Brian McLaren makes some great points in one of his posts today:
Thomas Friedman, learning from an experience on safari in Botswana, gets it right in his NYT editorial today … Quotable quote:
We’re trying to deal with a whole array of integrated problems — climate change, energy, biodiversity loss, poverty alleviation and the need to grow enough food to feed the planet — separately. The poverty fighters resent the climate-change folks; climate folks hold summits without reference to biodiversity; the food advocates resist the biodiversity protectors.
They all need to go on safari together.
“We need to stop thinking about these issues in isolation — each with its own champion, constituency and agenda — and deal with them in an integrated way, the way they actually occur on the ground,” argued Glenn Prickett, senior vice president with Conservation International. “We tend to think about climate change as just an energy issue, but it’s also about land use: one-third of greenhouse gas emissions come from tropical deforestation and agriculture. So we need to preserve forests and other ecosystems to solve climate change, not only to save species.”

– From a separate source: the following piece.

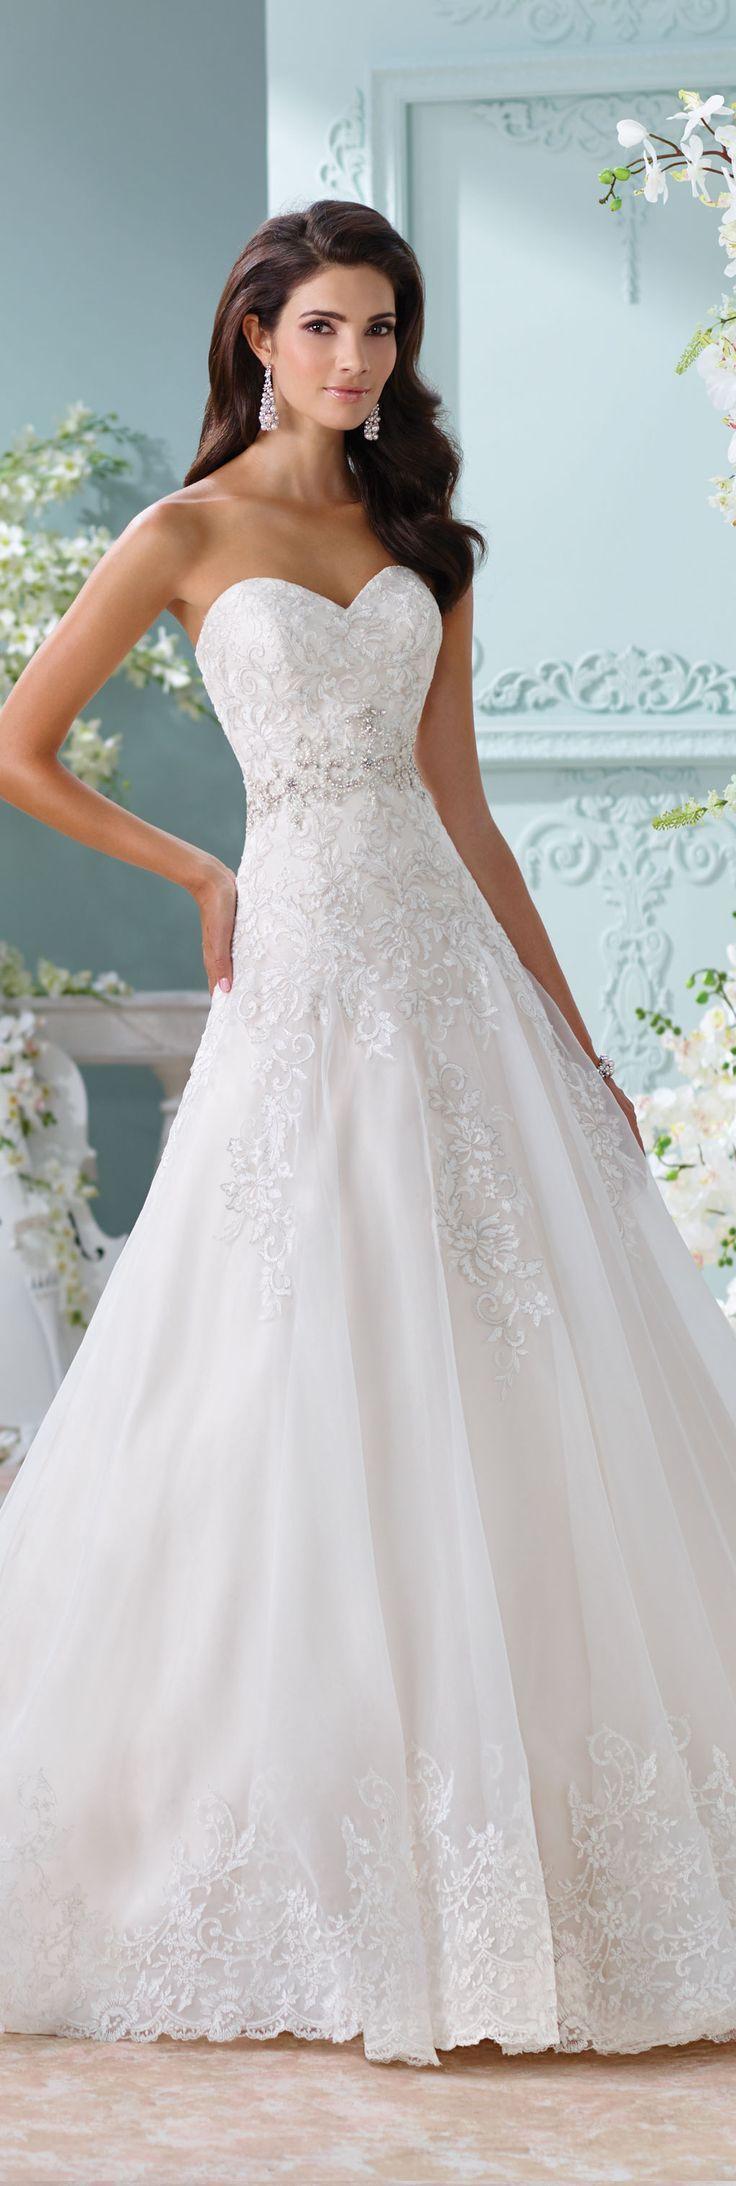 The david tutera for mon cheri spring wedding gown collection
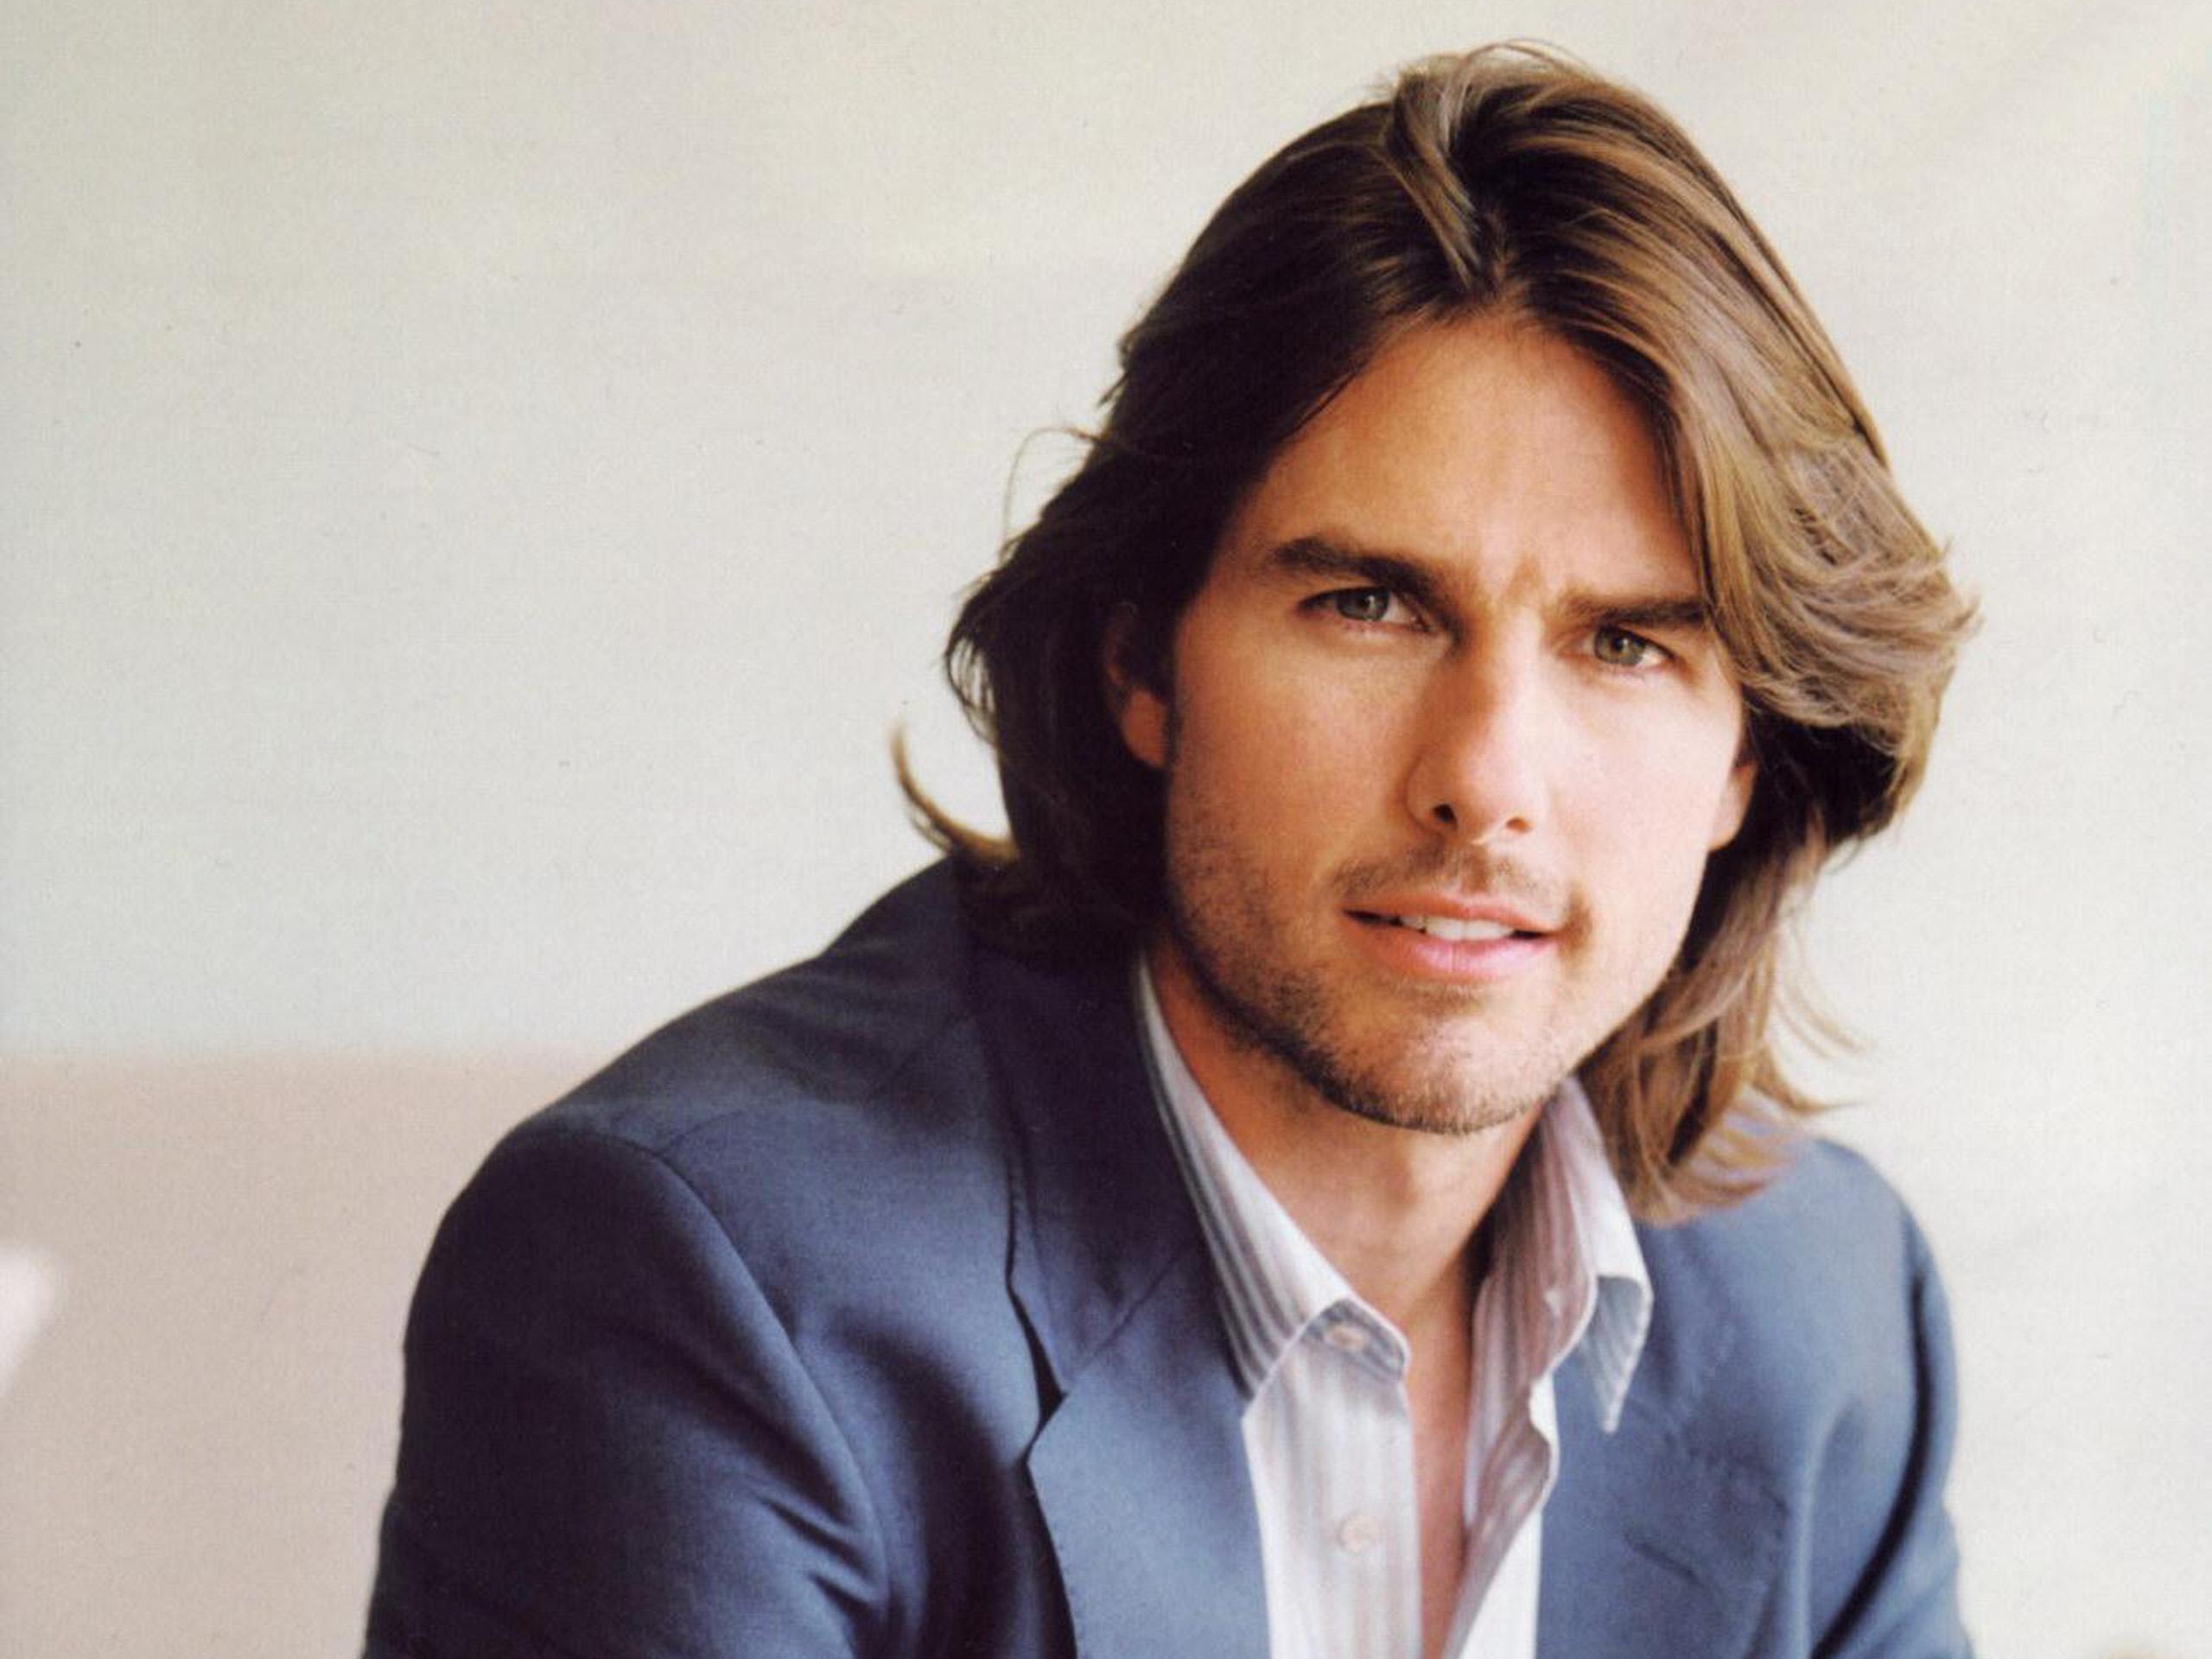 Tom Cruise Wallpaper 2560x1920

This was exactly the insight that smacked me upside the head when I was researching Everything Must Change. You can’t deal with discrete symptoms without getting to the deeper disease-issues that underlie them.
It strikes me that we need to keep this holistic, systems-thinking approach engaged as we deal with health care here in the USA. For example, when restaurants and grocery stores know they can make more money selling us oversized portions full of and coated with high-fat, high-sugar, highly-processed gunk, and when we keep buying what they’re selling, and when that produces an obesity epidemic – and obesity is becoming a bigger health-care problem than smoking, by the way – then we have to realize that health care is related to diet, and that one of the “externalized costs” of the food industry’s profits is a sick health care system treating sick people and creating a sick economy. (Nicholas Kristof captures one facet of the sickness of our soul-less calorie-factory food industry in his NYT editorial today, a fitting companion to Friedman’s, as they both call us to re-situate ourselves within creation.)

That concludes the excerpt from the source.